The former chief executive officer of Lloyds Banking Group has defended his role in introducing payment protection insurance as a product for sale to customers today when he appeared before the Parliamentary Commission on Banking Standards.
Eric Daniels says the discredited product that has already cost his former bank more than £5 billion in funds set aside for compensation said that in the vast majority of cases the product had been sold correctly.
He said: "We believed we were solving a fundamental customer need".
He said it represented "good value" and staff "were not incentivised to do the wrong thing."
He told MPs that the product was designed to bring "peace of mind" to customers and that the majority of policies were not mis-sold.
He also told MPs that he believed 50 per cent of the claims received were bogus and from people who had never been customers of the bank and never took out the product but that many claims were paid out as staff were unable to deal with the volume of complaints.
He said soon after Lloyds lost the high court case against the Financial Services Authority (FSA), staff were unable to judge whether a claim was bogus or not.
Mr Daniels told MPs: "I have heard that a fair amount of bogus claims have been paid out as the number of them was so overwhelming, staff could not tell if a claim was bogus or not in the timeframe set by the ombudsman.
"So a fair amount of claims paid out were not legitimate, certainly in the early days. I am not sure if it is still going on."
The total compensation is expected to reach more than £15 billion after other banks including Barclays and the Royal Bank of Scotland added to the provisions they had already made when publishing their 2012 accounts in recent weeks.
Mr Daniels who became CEO in 2003 and whose employment at Lloyds ended two years ago in February 2011 told the commission that he was “deeply regretful” for the policies that were mis-sold but insisted that most were sold correctly.
Under tough questioning from the chairman of the committee, Andrew Tyrie MP, Mr Daniels said that there had been a “difference in understanding” between the banking sector that introduced PPI and the regulator, the Financial Services Authority (FSA) who had introduced changes to the sales process that governed how the product was sold.
He said: “The vast majority (of PPI sales) are not related to that but to difference of understanding between industry and regulator.”
Mr Daniels was asked by Mr Tyrie what proportion of claims he believed had been mis-sold and replied “200% judging from the number of claims,” referring to how banks have been swamped with claims, some of them spurious.
He said that until 2008, the FSA was happy that scripts shown to potential customers on screen had provided enough information to customers but after this date the FSA required proof that customers had been verbally informed about PPI as well.
A member of the commission, Labour peer, Lord McFall, said there had been a commission rate of 87 per cent, but Mr Daniels claimed that PPI had not been profitable.
Lord McFall accused him of ignoring warnings about the nature of the product.
He said: “It would seem as if the whole world knew about PPI mis-selling and customers being ripped off but the board of Lloyds.
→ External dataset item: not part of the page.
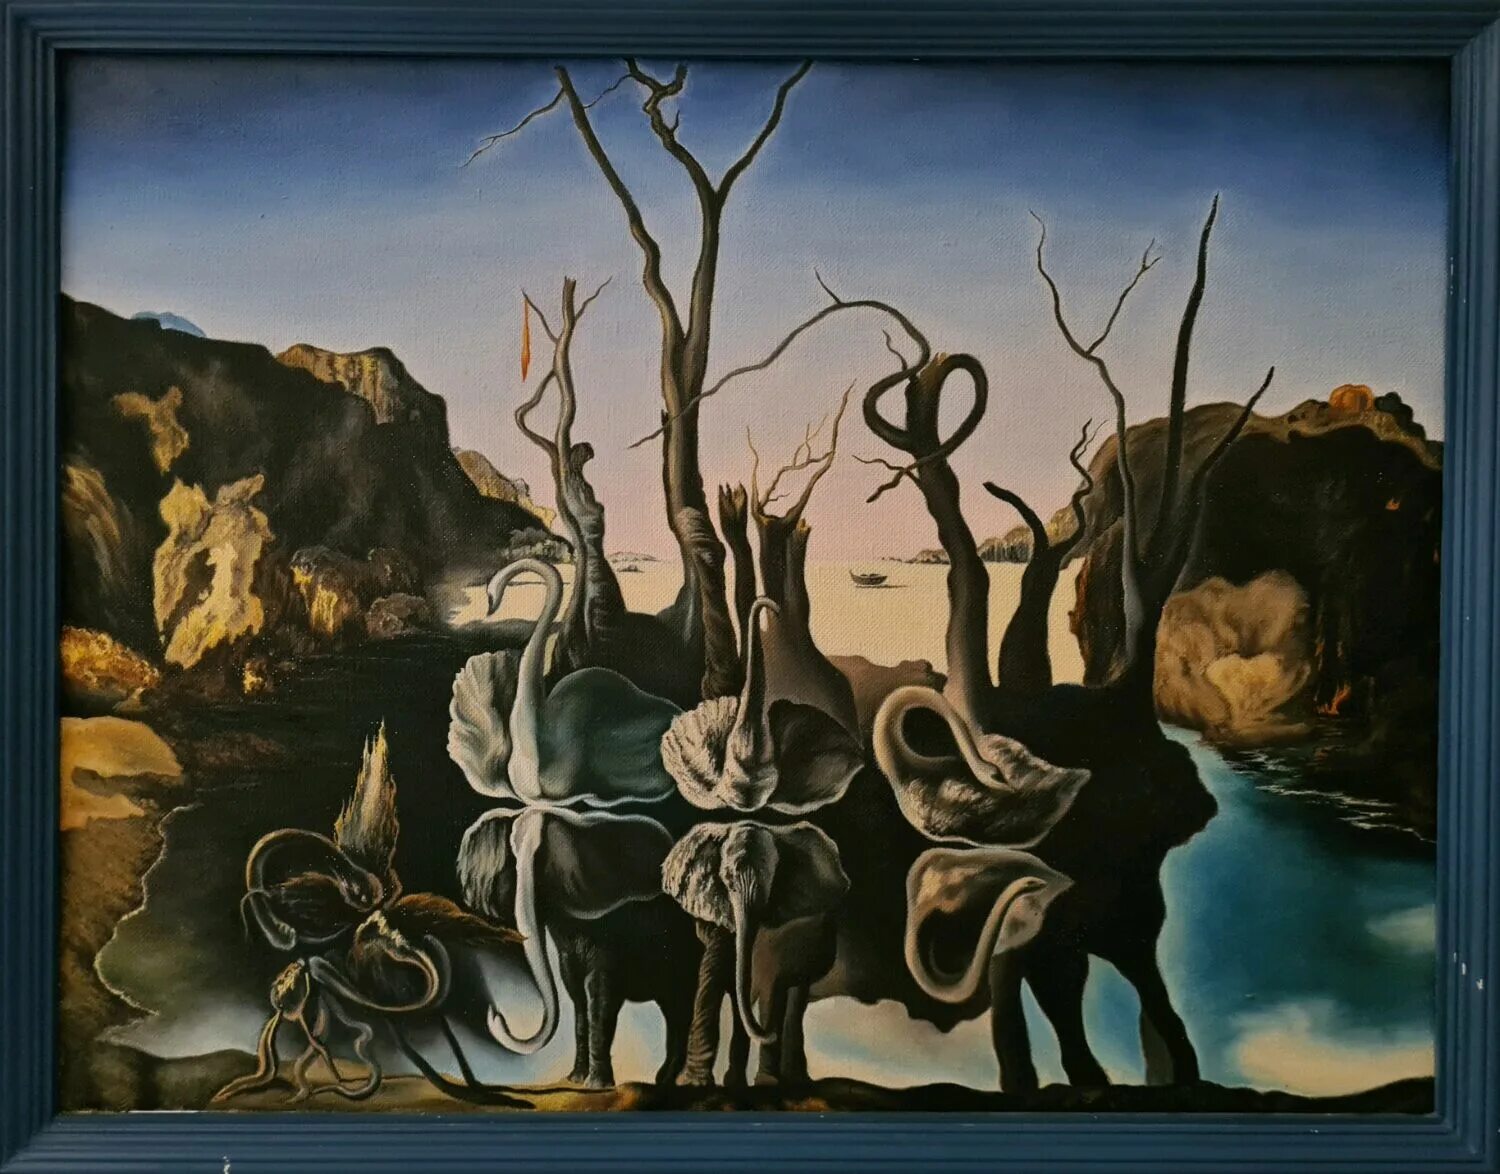 Лебеди отражающиеся в слонах. Сальвадор дали лебеди, отражающиеся в слонах. Сальвадор дали «лебеди, отражающиеся в слонах» (1937). Salvador Dali Swans reflecting Elephants. Лебеди отражающиеся в слонах Сальвадор.

You were just going to go on and make your profits.”
However, Mr Daniels insisted that he thought the majority of customers had got good value from PPI.
He said: “I believe customers did know what they were buying. I think they got good value.
Mr Daniel’s successor, Antonia Horta-Osorio decided not to contest a high court judgement that led to compensation for people mis-sold the product and introduced the first of the provisions that has so far cost the bank more than £5 billion.
Mr Horta-Osorio also oversaw the return of £580,000 of Mr Daniels 2010 bonus. Mr Daniels was also denied a £1.2 million bonus for overseeing the rescue takeover of HBOS when it was integrated with Lloyds.
Mr Daniels claimed that Lloyds Banking Group did not have a big bonus culture and that staff were not massively incentivised to sell PPI to customers, although they did receive more points when they sold more.
He said: “The average salary of a member of branch staff who sold PPI was £20,000. The average bonus for those people was 10 to 15 per cent of that.
“Lloyds is not an investment bank, we do not pay telephone number bonuses. We believe outsized bonuses can distort behaviours.”